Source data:
───

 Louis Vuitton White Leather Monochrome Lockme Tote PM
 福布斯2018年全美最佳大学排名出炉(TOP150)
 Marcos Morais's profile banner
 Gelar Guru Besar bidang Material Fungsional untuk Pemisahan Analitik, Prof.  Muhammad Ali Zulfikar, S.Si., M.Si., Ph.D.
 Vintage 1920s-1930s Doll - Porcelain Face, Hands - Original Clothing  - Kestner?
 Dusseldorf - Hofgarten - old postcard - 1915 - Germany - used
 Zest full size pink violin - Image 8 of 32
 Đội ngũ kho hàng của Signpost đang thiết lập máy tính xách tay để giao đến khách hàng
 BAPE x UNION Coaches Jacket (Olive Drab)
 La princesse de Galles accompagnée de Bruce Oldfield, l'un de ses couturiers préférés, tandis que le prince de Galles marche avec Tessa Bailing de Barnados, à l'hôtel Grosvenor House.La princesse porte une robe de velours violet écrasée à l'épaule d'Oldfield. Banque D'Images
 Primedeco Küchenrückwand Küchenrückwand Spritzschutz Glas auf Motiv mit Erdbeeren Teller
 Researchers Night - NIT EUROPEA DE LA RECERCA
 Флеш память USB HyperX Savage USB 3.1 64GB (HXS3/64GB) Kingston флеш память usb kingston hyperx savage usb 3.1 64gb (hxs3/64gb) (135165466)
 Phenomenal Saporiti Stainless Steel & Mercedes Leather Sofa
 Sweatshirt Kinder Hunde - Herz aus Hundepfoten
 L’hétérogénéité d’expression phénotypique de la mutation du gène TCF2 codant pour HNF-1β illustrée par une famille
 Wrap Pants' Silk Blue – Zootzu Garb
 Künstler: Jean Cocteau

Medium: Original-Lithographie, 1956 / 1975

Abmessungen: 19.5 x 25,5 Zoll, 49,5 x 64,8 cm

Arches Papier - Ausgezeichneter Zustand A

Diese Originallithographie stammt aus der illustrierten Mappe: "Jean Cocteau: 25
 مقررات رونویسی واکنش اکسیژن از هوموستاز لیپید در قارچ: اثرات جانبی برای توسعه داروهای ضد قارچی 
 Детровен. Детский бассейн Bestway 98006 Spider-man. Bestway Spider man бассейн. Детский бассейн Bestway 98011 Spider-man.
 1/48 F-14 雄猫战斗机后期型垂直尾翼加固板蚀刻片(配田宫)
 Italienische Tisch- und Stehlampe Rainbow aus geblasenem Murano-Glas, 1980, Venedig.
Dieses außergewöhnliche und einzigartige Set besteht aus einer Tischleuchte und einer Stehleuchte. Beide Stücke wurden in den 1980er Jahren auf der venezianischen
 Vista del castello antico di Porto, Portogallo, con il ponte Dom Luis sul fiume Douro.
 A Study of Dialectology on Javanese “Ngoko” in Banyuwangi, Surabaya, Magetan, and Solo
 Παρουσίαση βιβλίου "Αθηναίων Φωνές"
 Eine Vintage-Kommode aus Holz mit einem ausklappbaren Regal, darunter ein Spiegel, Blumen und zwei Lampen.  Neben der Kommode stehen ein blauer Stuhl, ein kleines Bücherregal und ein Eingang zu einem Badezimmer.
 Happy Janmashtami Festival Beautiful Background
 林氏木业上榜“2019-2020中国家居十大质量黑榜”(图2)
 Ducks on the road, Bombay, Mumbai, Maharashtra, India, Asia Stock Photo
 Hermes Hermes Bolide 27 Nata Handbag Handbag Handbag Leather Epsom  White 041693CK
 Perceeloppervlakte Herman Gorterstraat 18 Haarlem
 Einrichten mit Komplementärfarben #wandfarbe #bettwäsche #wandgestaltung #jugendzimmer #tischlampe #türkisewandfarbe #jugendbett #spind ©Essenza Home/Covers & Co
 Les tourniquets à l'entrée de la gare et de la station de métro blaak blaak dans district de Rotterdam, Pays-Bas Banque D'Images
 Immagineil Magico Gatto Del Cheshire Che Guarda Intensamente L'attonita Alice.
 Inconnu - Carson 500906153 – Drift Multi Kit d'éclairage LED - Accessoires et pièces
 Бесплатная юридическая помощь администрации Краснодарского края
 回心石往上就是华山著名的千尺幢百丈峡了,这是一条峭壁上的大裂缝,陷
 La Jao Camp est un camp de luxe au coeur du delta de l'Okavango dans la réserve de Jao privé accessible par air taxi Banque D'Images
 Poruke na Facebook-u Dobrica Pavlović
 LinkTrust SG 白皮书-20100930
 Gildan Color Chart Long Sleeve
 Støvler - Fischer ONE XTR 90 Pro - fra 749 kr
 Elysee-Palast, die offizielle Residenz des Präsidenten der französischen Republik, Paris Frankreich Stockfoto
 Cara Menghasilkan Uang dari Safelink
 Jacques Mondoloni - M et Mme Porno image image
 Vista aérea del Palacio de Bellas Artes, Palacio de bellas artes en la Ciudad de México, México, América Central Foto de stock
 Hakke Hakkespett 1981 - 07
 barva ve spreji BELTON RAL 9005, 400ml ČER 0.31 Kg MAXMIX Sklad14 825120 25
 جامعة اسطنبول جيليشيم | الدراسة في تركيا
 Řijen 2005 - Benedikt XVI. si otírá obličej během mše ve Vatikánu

───

### Activity
Only the lines from the top of the data through the line that contains "Primedeco Küchenrückwand Küchenrückwand" should be quoted, exactly as they stand.

### Answer
 Louis Vuitton White Leather Monochrome Lockme Tote PM
 福布斯2018年全美最佳大学排名出炉(TOP150)
 Marcos Morais's profile banner
 Gelar Guru Besar bidang Material Fungsional untuk Pemisahan Analitik, Prof.  Muhammad Ali Zulfikar, S.Si., M.Si., Ph.D.
 Vintage 1920s-1930s Doll - Porcelain Face, Hands - Original Clothing  - Kestner?
 Dusseldorf - Hofgarten - old postcard - 1915 - Germany - used
 Zest full size pink violin - Image 8 of 32
 Đội ngũ kho hàng của Signpost đang thiết lập máy tính xách tay để giao đến khách hàng
 BAPE x UNION Coaches Jacket (Olive Drab)
 La princesse de Galles accompagnée de Bruce Oldfield, l'un de ses couturiers préférés, tandis que le prince de Galles marche avec Tessa Bailing de Barnados, à l'hôtel Grosvenor House.La princesse porte une robe de velours violet écrasée à l'épaule d'Oldfield. Banque D'Images
 Primedeco Küchenrückwand Küchenrückwand Spritzschutz Glas auf Motiv mit Erdbeeren Teller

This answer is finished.